Still, because the 10-year T-note yield has tumbled from 5.05% in mid-July, 30-year home loan rates also have fallen. They averaged 6.31% nationwide last week, down from 6.73% in mid-July, according to mortgage finance giant Freddie Mac.

The Wall Street Journal also says the Fed's move may not help out mortgage holders because some mortgage rates are tied to the Libor:

There also is likely to be little immediate relief for borrowers with certain types of adjustable-rate mortgages. That's because the rates on some of these loans are tied to the London interbank offered rate, or Libor, which recently jumped sharply above the Fed funds rate because of the continuing credit crunch in the markets. Libor, which has drifted downward recently, is an interest rate charged by banks for short-term loans to each other.

"If Libor doesn't come down, there is no relief" for many mortgage borrowers, says James Bianco, president of Bianco Research LLC, a market-research firm in Chicago.

Homeowners with adjustable rate mortgages tied to the U.S. prime rate will see immediate relief. The major banks dropped their prime rate for borrowing yesterday by a full 50 basis points. But those tied to the Libor, not so much.

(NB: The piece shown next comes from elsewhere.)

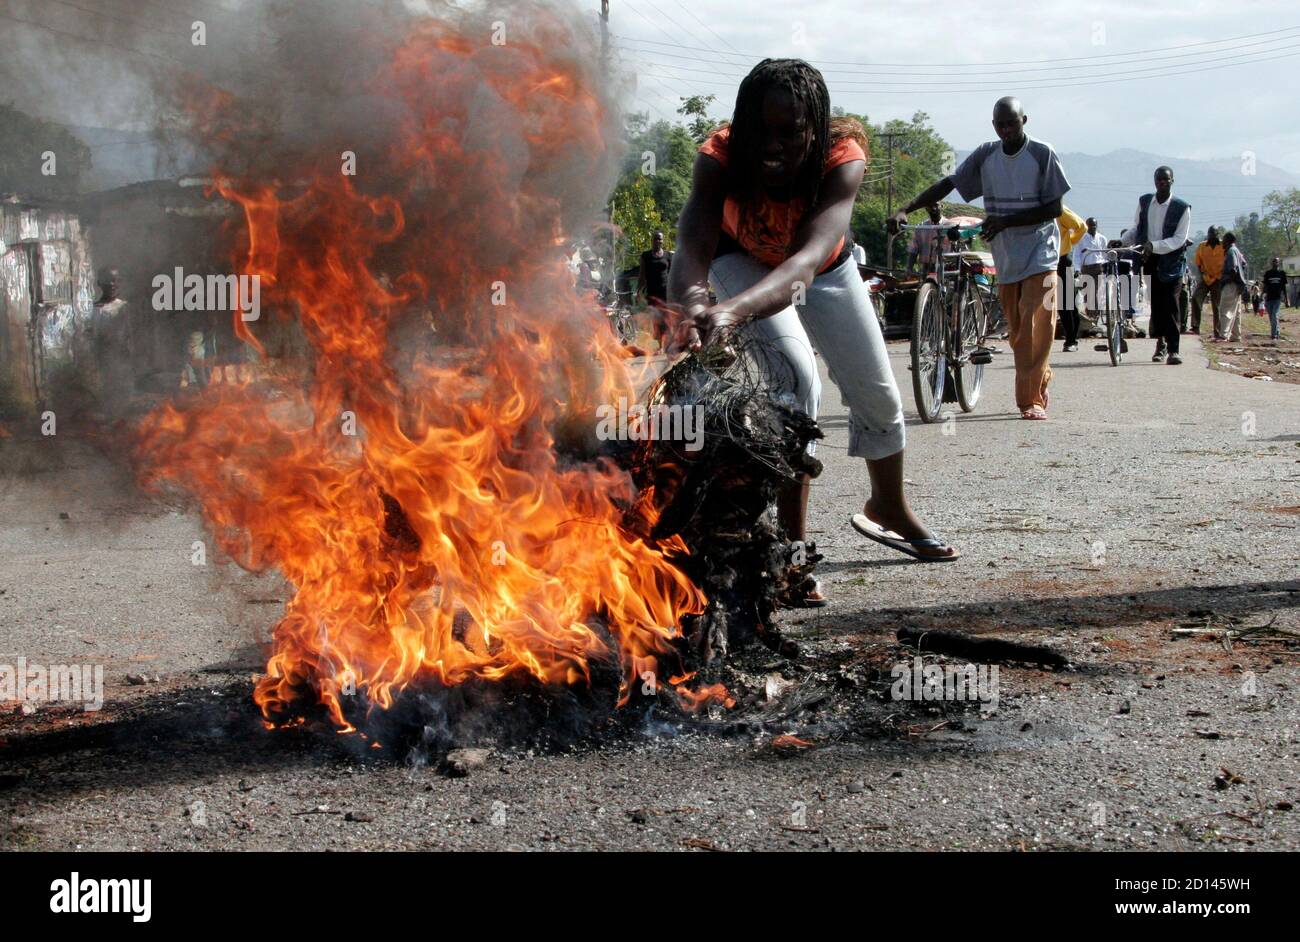 Un manifestante enciende una hoguera a lo largo de una carretera en la ciudad occidental de Kisumu el 16 de enero de 2008. Los jóvenes levantaron barricadas, los comerciantes clavaron las ventanas y la policía antidisturbios de Kenia vigiló las calles antes de las protestas de la oposición nacional previstas para el miércoles contra la reelección del presidente Mwai Kibaki. REUTERS/Thomas Mukoya (KENIA) Foto de stock

Same goes for adjustable rate student loans. Prime-based see relief, Libor-based do not.

Credit card holders will see relief. Interest rates should fall a bit for people carrying revolving debt.

Interestingly enough, I expected to see lower interest rates on savings accounts almost immediately after the Fed announcement, but so far that hasn't happened.

The WSJ says

Some banks have already started to reduce their rates or scale back their deals. Bank of America Corp., for instance, recently shortened the maturities on its promotional CDs paying 5% to four months from eight months.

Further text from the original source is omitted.